## [Work instruction]
Please set down the lines of the listing exactly, from its first line to the line with "Mai (Thailand), p.", leaving the pictures out.

## [Data extract]
==========
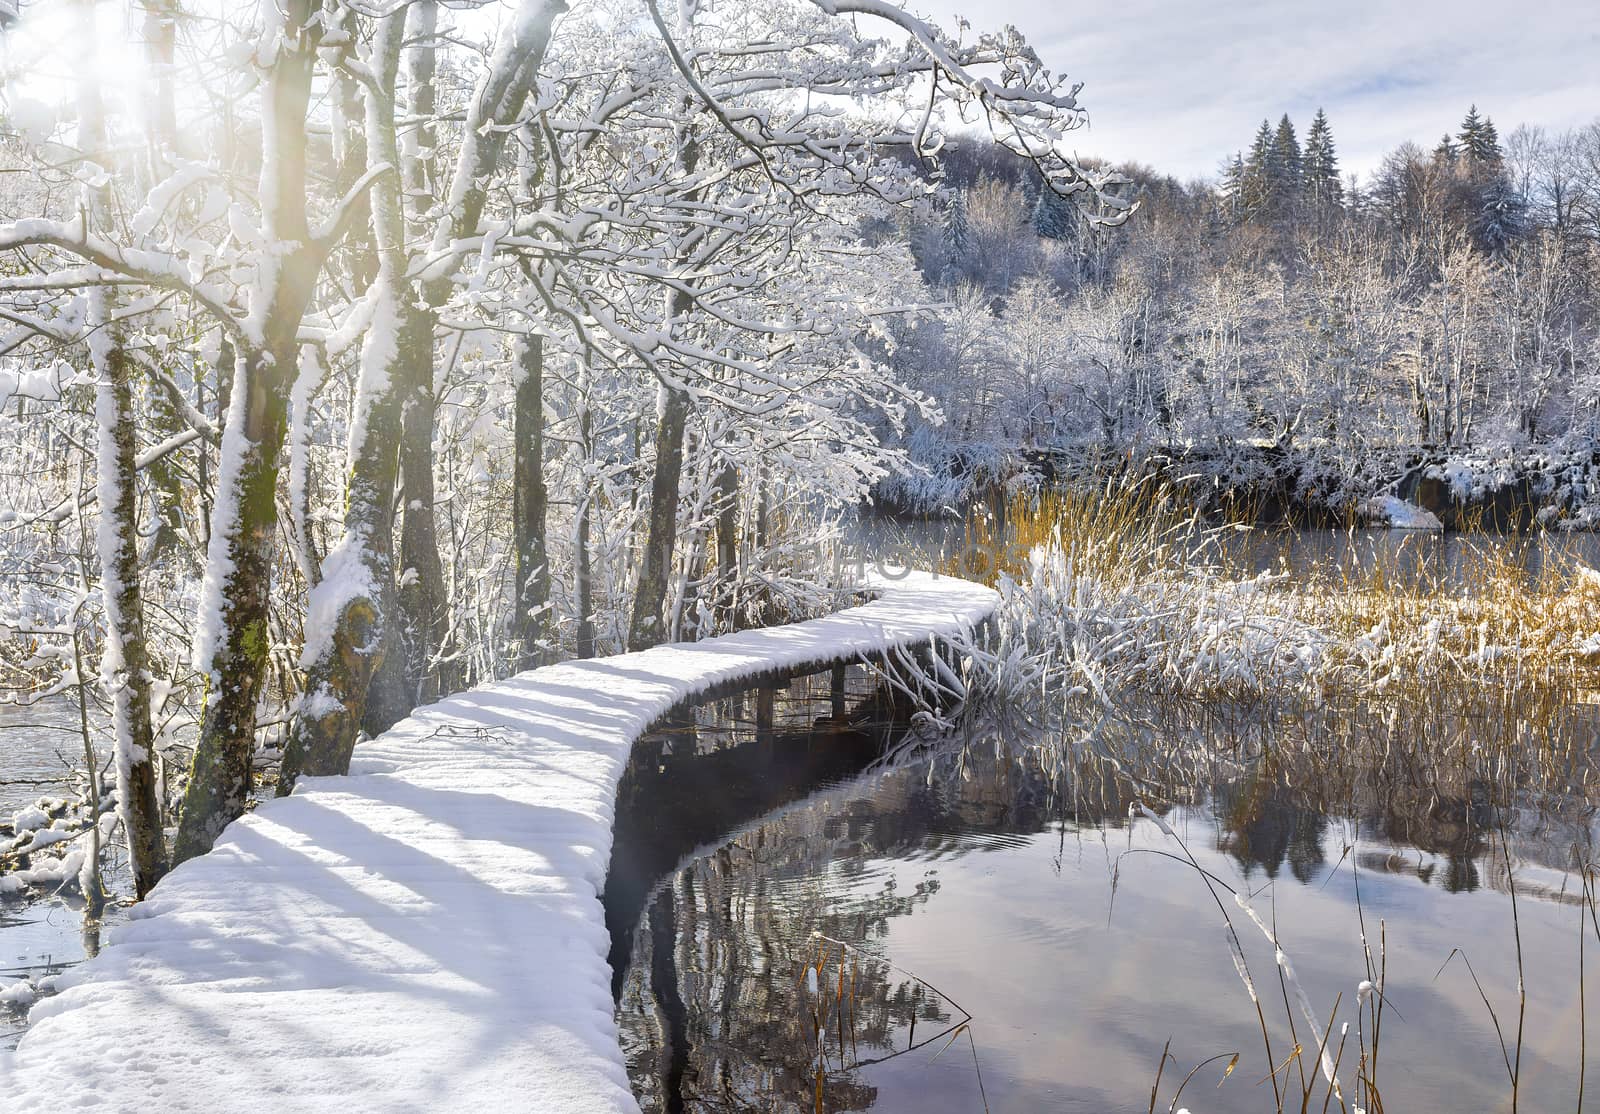 Snow-covered boardwalk over unfrozen lake with beautiful reflections in it against snowy winter forest.
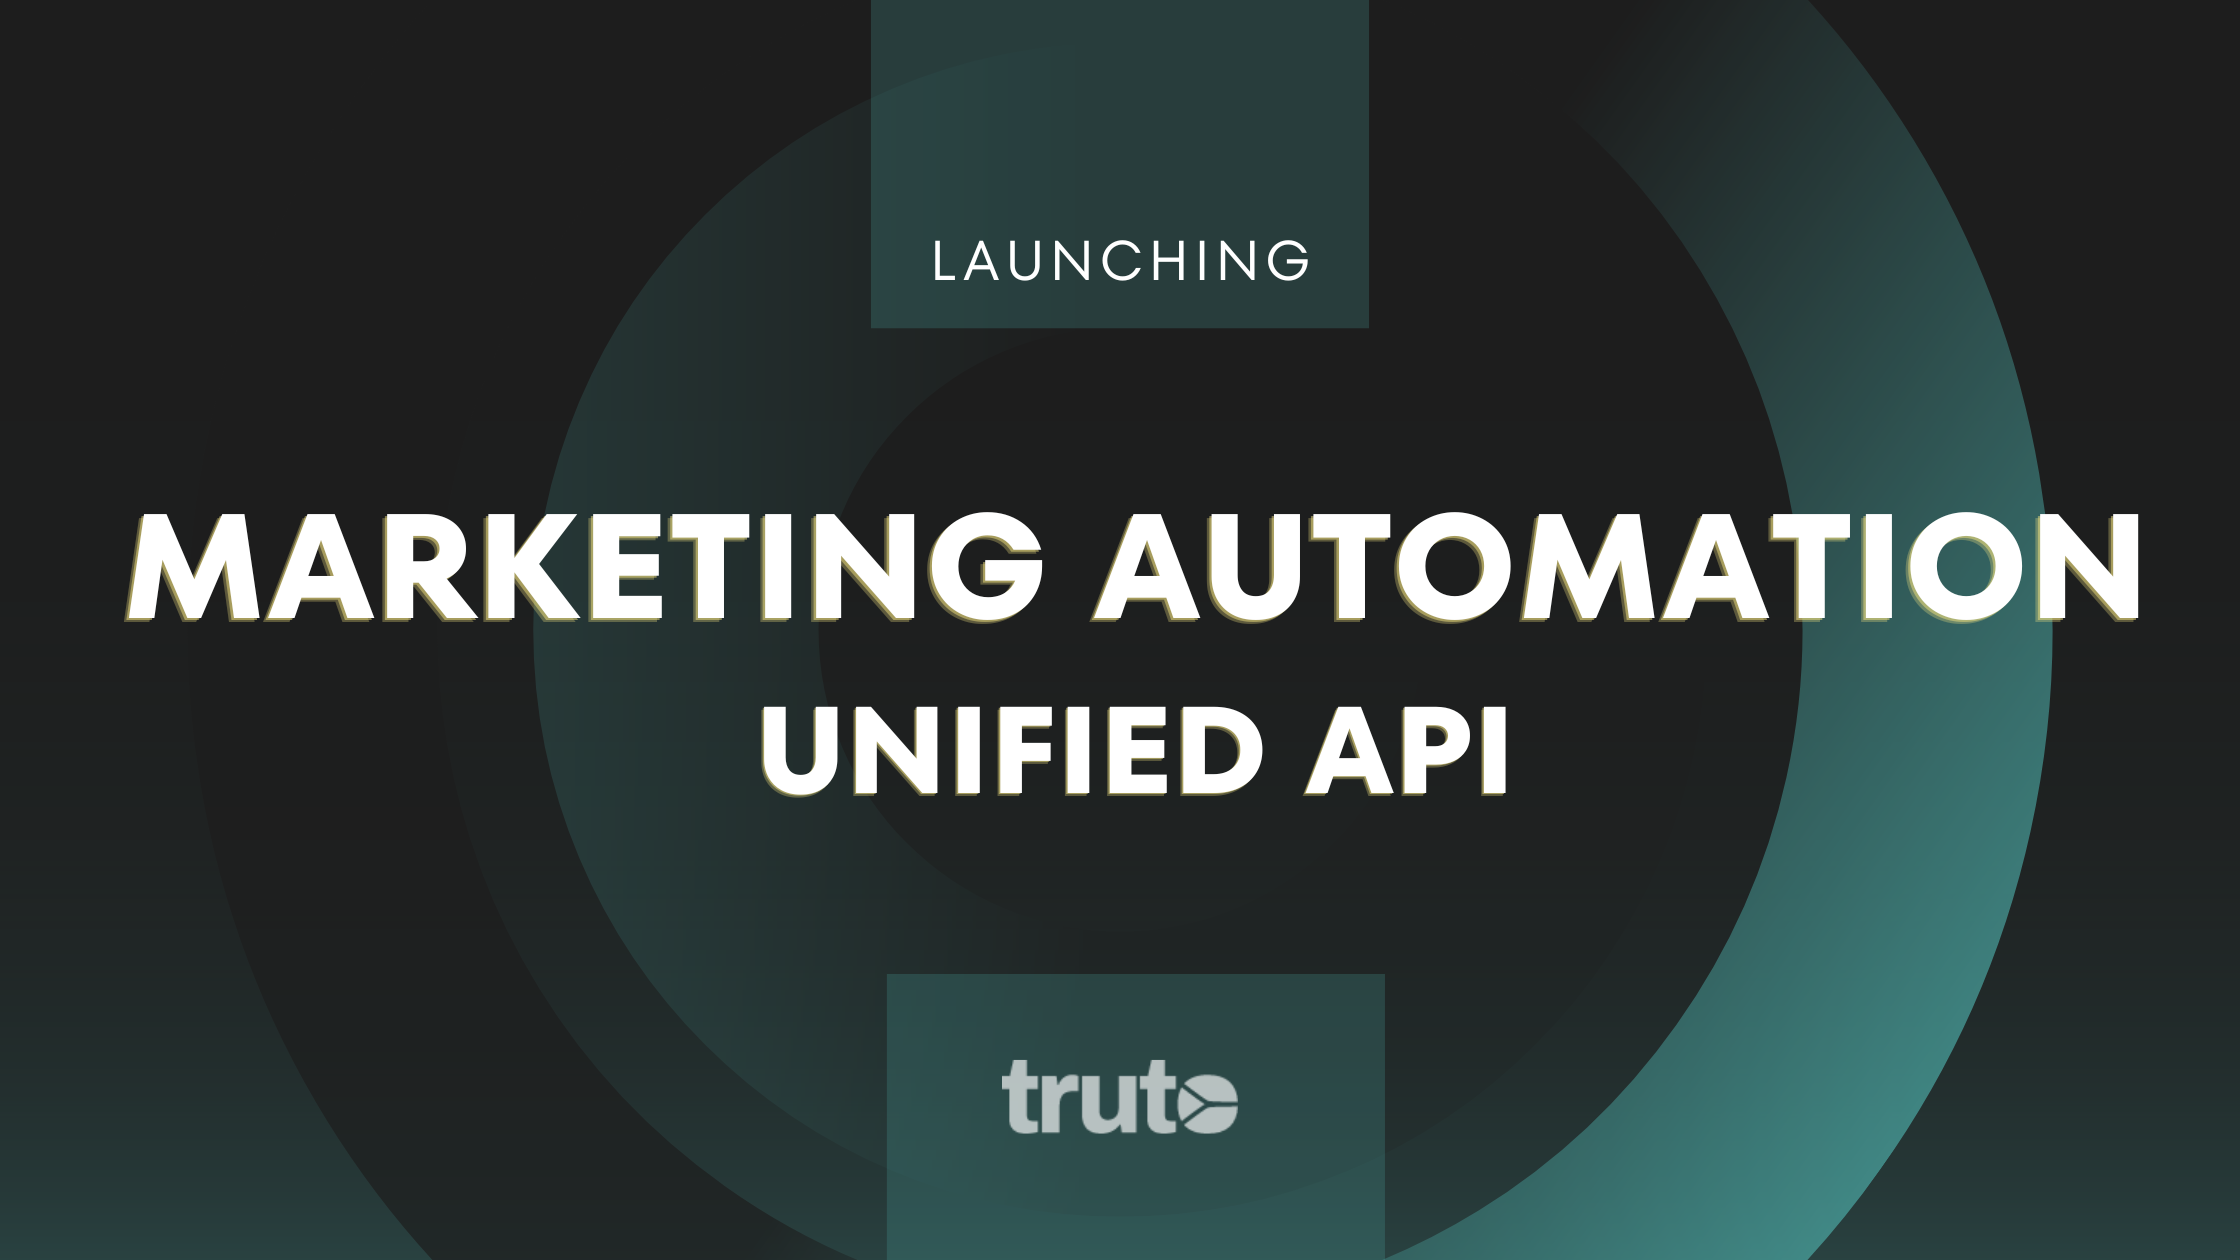 Truto's Marketing Automation Unified API Launch
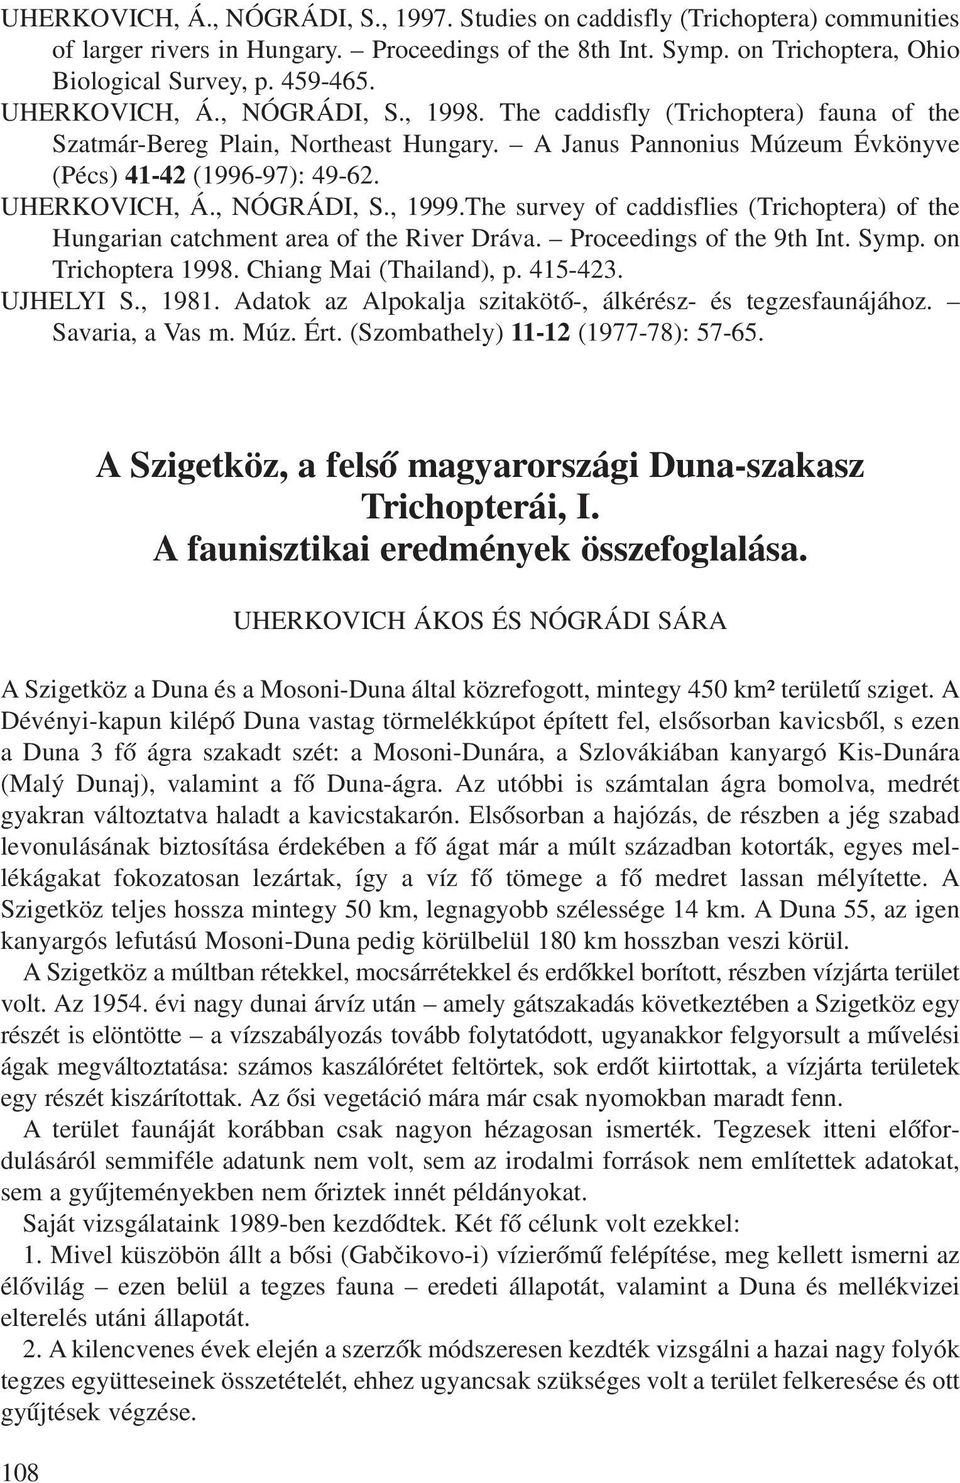 , NÓGRÁDI, S., 1999.The survey of caddisflies (Trichoptera) of the Hungarian catchment area of the River Dráva. Proceedings of the 9th Int. Symp. on Trichoptera 1998. Chiang Mai (Thailand), p.
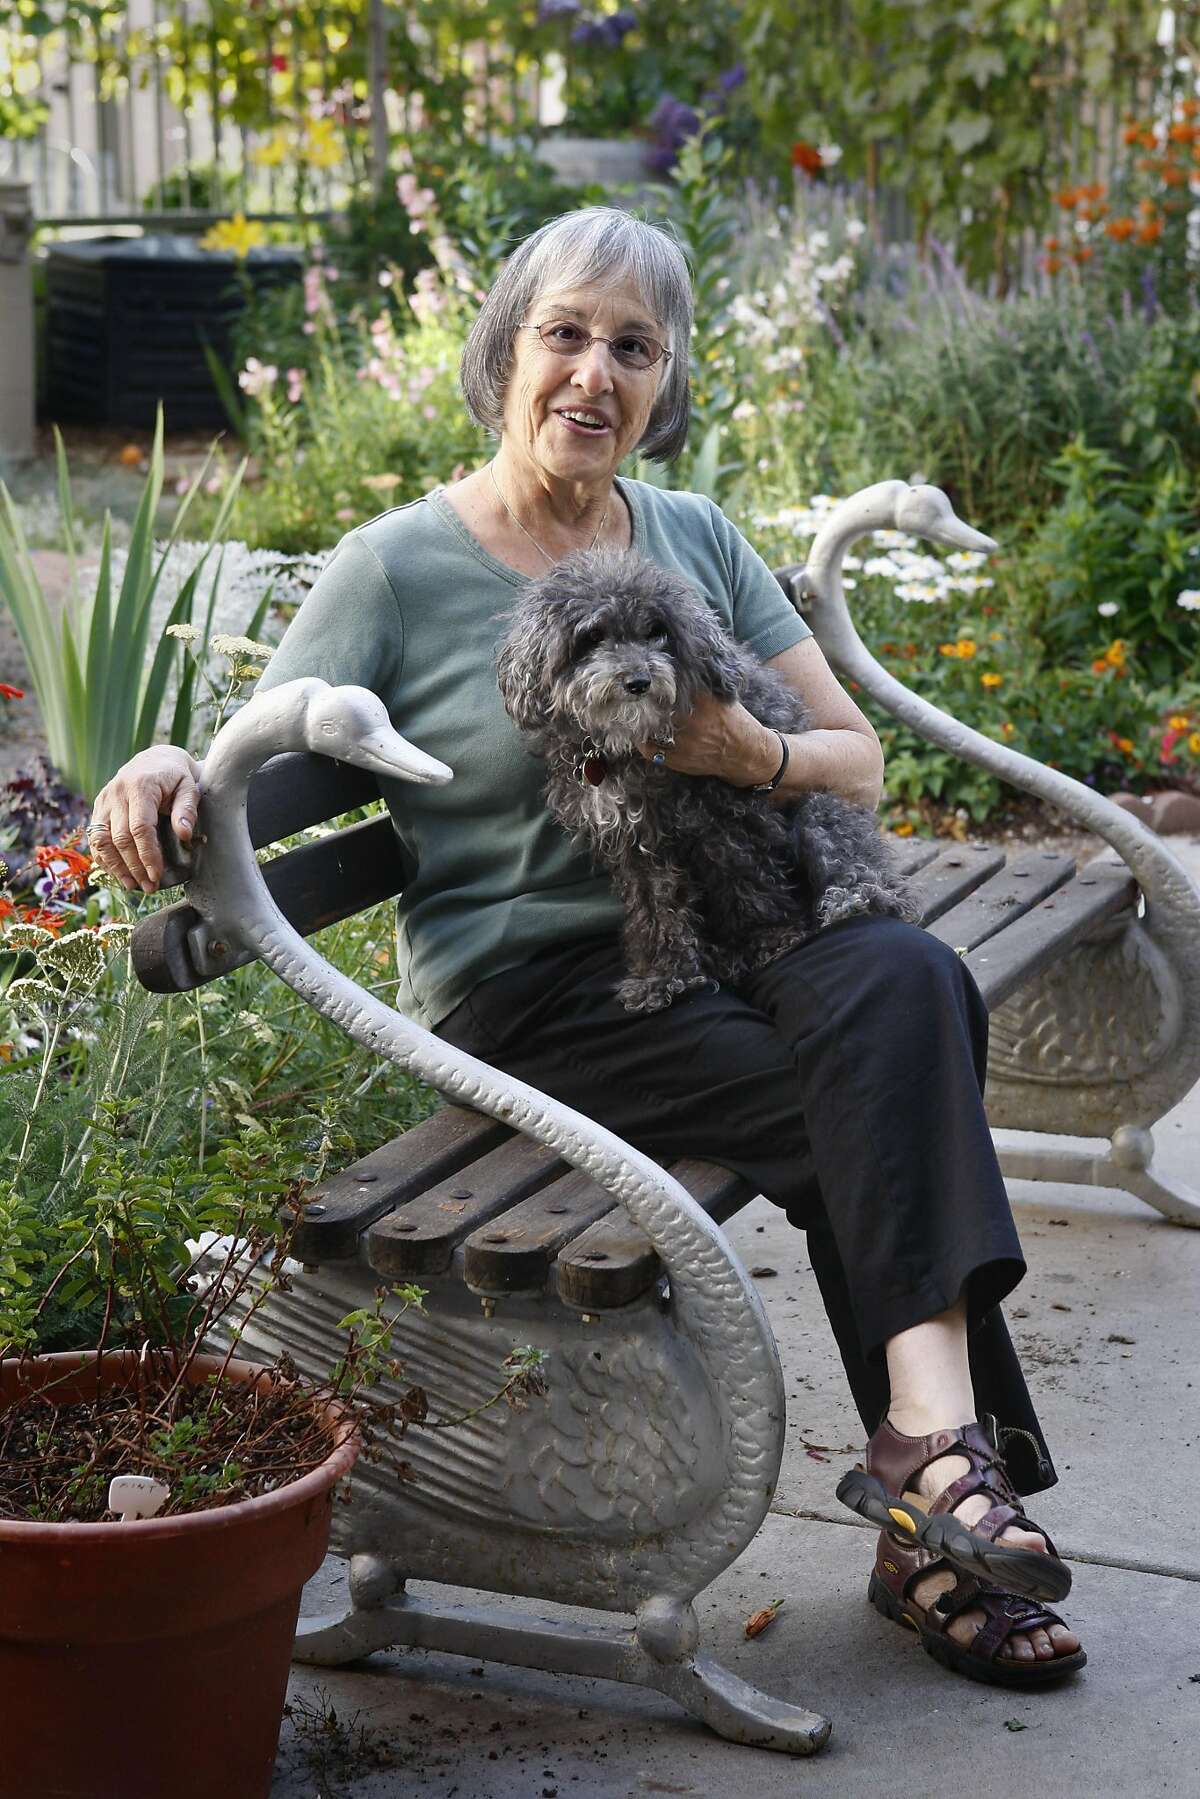 Joani Blank, who was the founder of Good Vibrations, is retired in Oakland, Calif., on Thursday, July 2, 2009. She is with her poodle, Bapu-Ji.
==========
## [Completed task]
 Snow-covered boardwalk over unfrozen lake with beautiful reflections in it against snowy winter forest.
 Truto's Marketing Automation Unified API Launch
 , NÓGRÁDI, S., 1999.The survey of caddisflies (Trichoptera) of the Hungarian catchment area of the River Dráva. Proceedings of the 9th Int. Symp. on Trichoptera 1998. Chiang Mai (Thailand), p.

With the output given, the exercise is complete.